* ABOUT THIS TASK
Retype the lines below exactly, from the one that contains "関西最大級のインド祭が京都初開催" through the last, and leave every picture out.
BEGIN
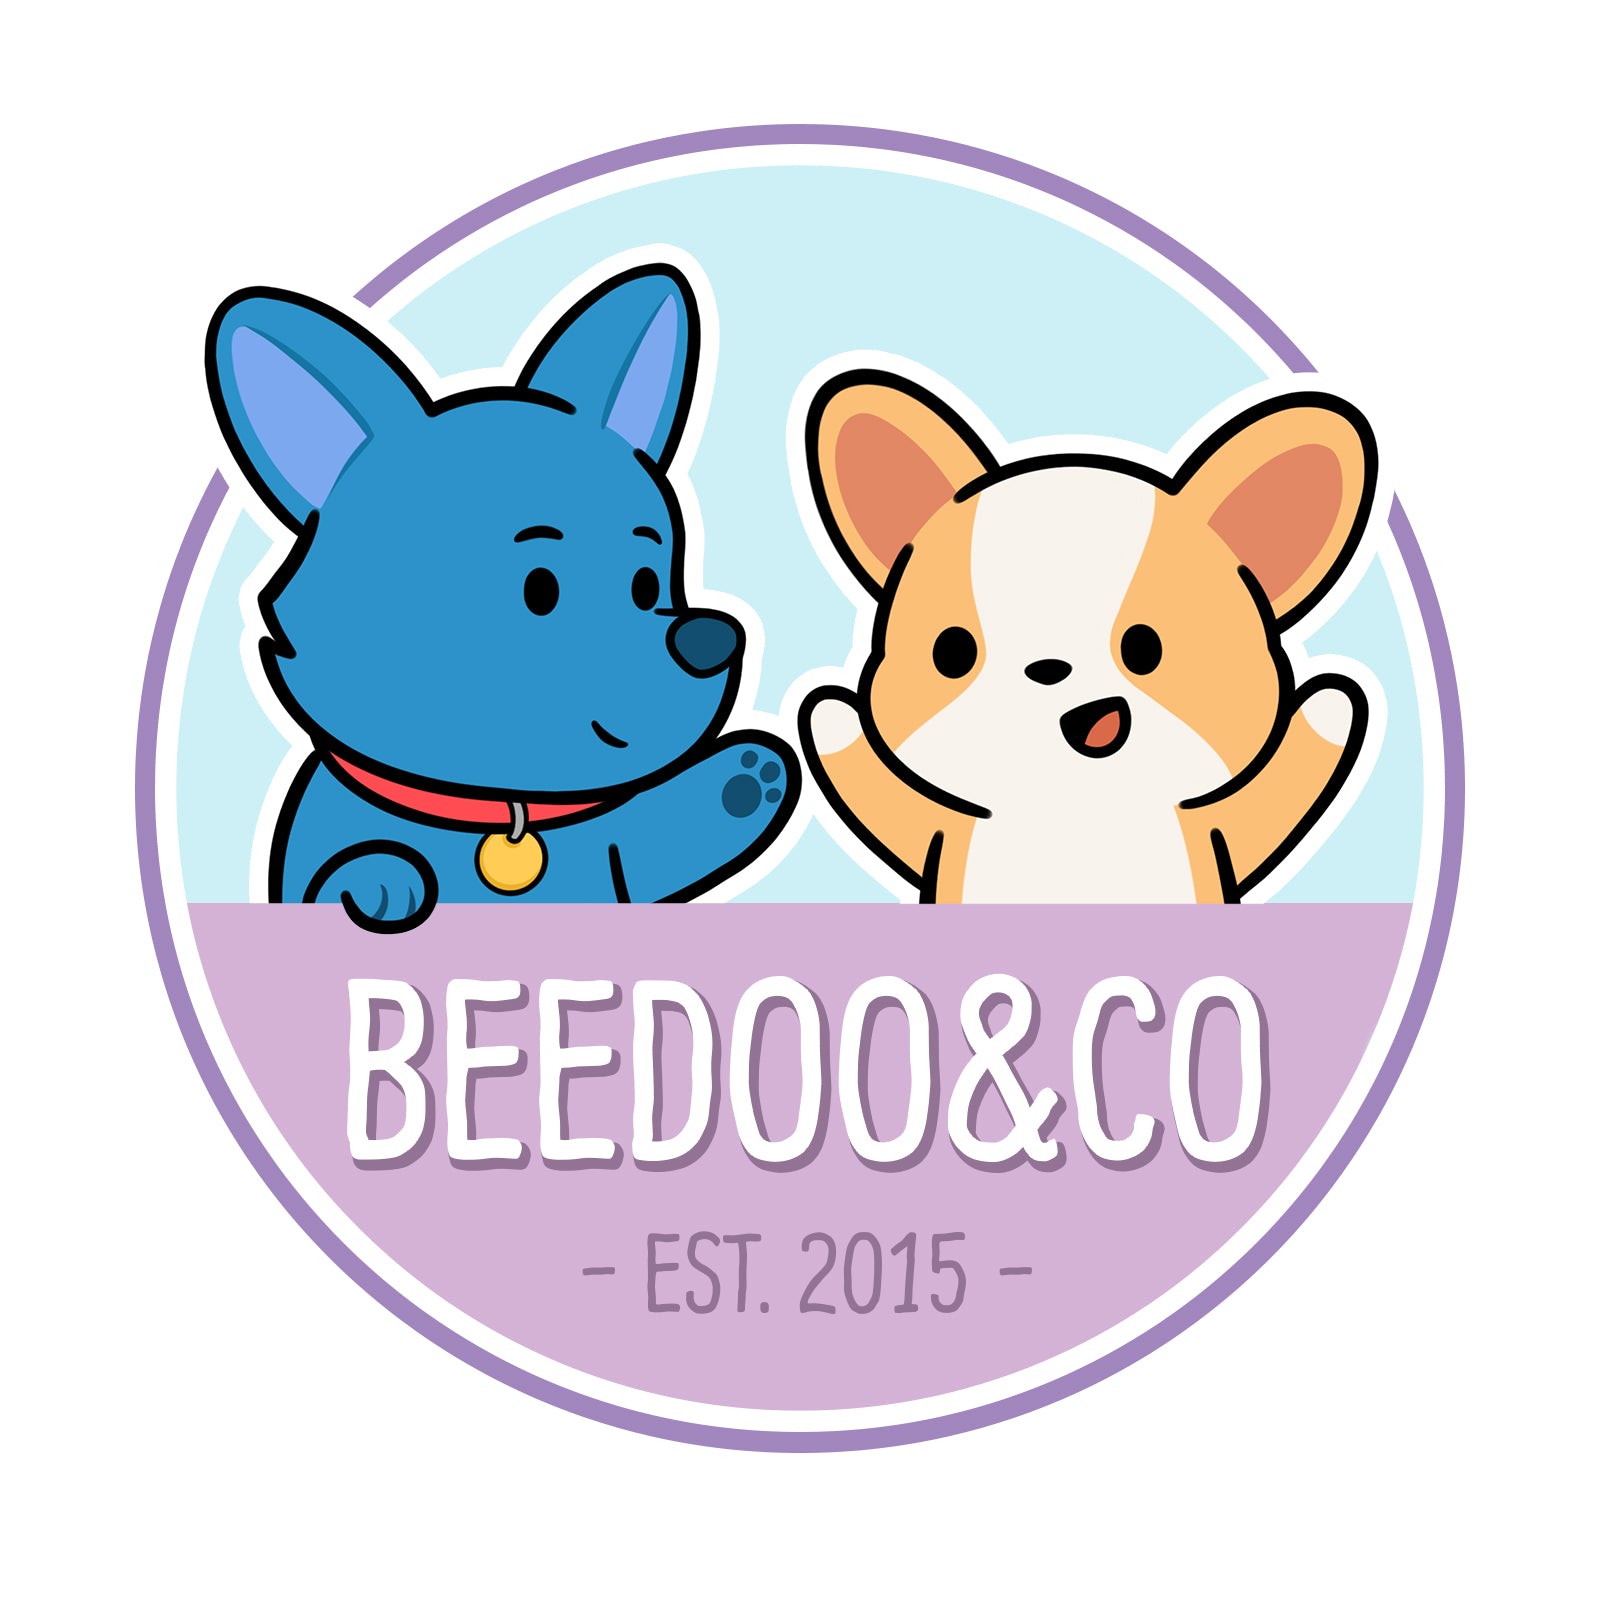 Beedoo&Co
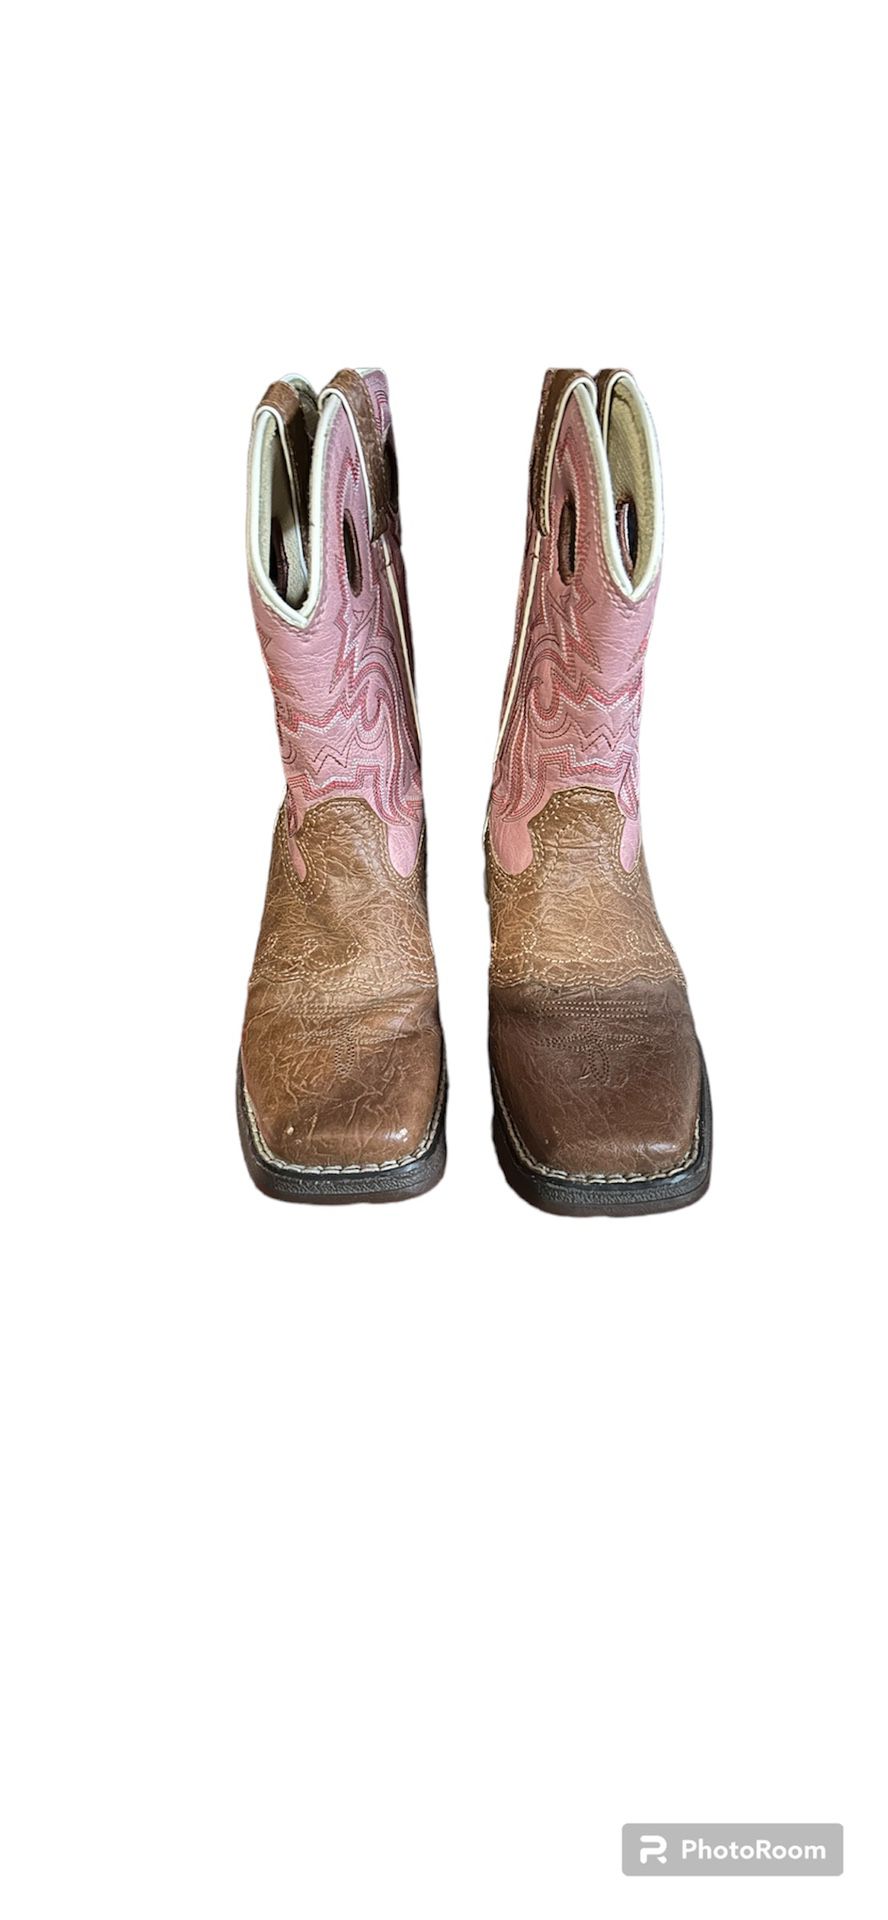 Little Girls Cowboy Boots 
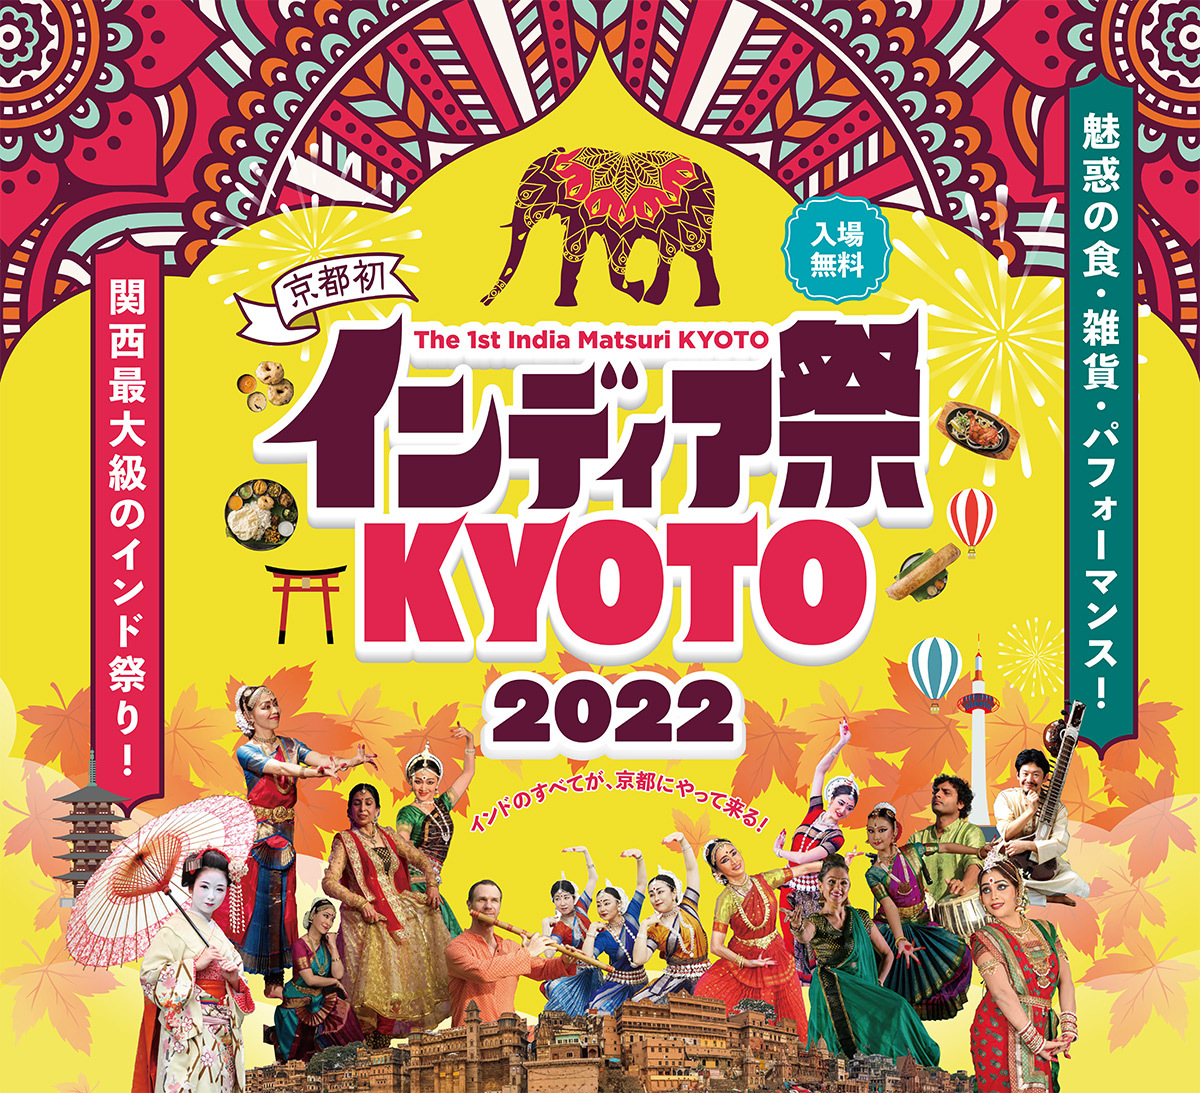 魅惑の食・雑貨・パフォーマンスが集結！
関西最大級のインド祭が京都初開催　
「インディア祭KYOTO2022」で“インドのすべて”が京都に
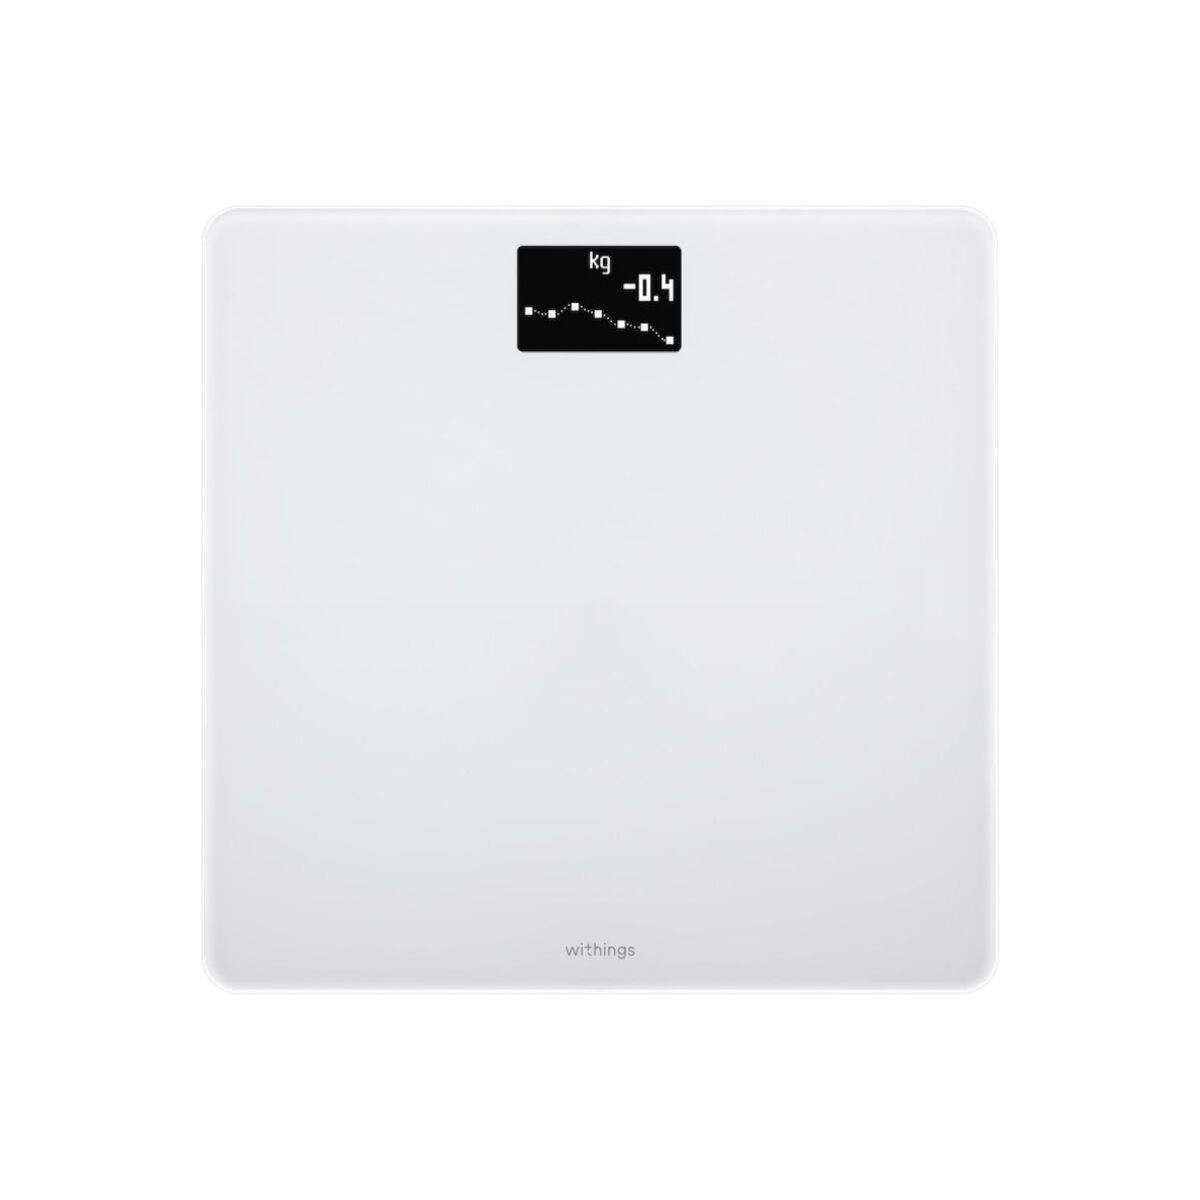 Nokia Body BMI Wi-fi scale WBS06-White-All-Inter
END
* COMPLETED EXERCISE
関西最大級のインド祭が京都初開催　
「インディア祭KYOTO2022」で“インドのすべて”が京都に
 Nokia Body BMI Wi-fi scale WBS06-White-All-Inter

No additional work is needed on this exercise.